Note that a compromised simulation environment can also lead to a data poisoning attack if it generates data used for further training. If an adversary gains access to an offline training environment, they can also achieve goal 5 rather easily, since they can simply exfiltrate the agent’s model code and learned weights.
The second scenario involves attacks against the re-training process in deployed models. The attacks described above all apply to re-training in deployment in the same way.
Using smartbots to automate energy trading has both upsides and downsides for customers of the FLEXIMAREX marketplace.

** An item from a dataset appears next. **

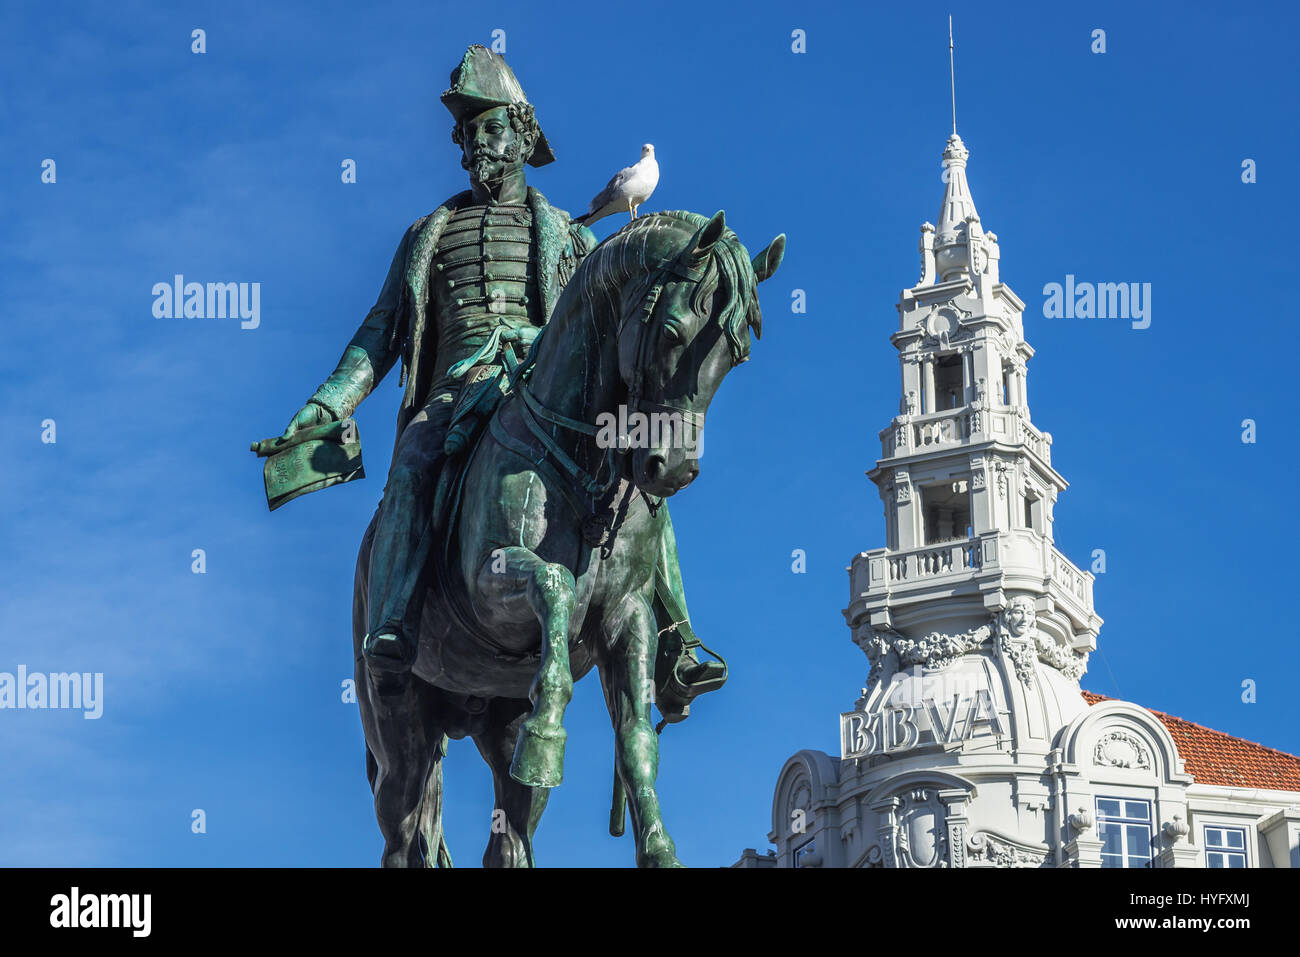 La estatua ecuestre del rey Pedro IV El Libertador en la Plaza de la libertad en Porto, Portugal. Edificio del Banco Bilbao Vizcaya Argentaria en fondo Foto de stock

Such smartbots can be used to automatically and efficiently trade energy batches based on a user’s preferences and can adapt to evolution and changes in the marketplace. However, these smartbots can also be attacked in a variety of ways. An attacker can manipulate the input information to the algorithm, its training platform, its training libraries, or the simulation platform used to create new agents, in order to achieve various attack goals that have detrimental effects for any participant in the marketplace. Generally speaking, the overall impact of an attack will be relative to the number of compromised smartbots. However, large-scale attack scenarios that would be of interest to terrorists are possible. Due to the automated nature of smartbots, it is highly likely that any attack designed to subtly manipulate prices in the marketplace would go unnoticed for a long time.
In order to mitigate the risk of attacks, assets that are shared by most trading algorithms should be properly secured. This includes marketplace data, training libraries, initial training simulation environment, and systems used to run the smartbots. Methods for detecting compromised input data should also be deployed to detect and prevent data poisoning and evasion attacks at any scale.
Finally, one has to consider the fact that well-trained smartbots can become the target of theft. As such, methods to detect the types of queries used for model stealing should also be deployed where needed.
This threat analysis was conducted by Samuel Marchal (F-Secure Corporation) as part of FLEXIMAR and F-Secure’s Project Blackfin. FLEXIMAR, a project supported by Business Finland, aims to develop a new real-time marketplace for demand-side management of electricity. F-Secure’s Project Blackfin is a multi-year research effort with the goal of applying collective intelligence techniques to the cyber security domain.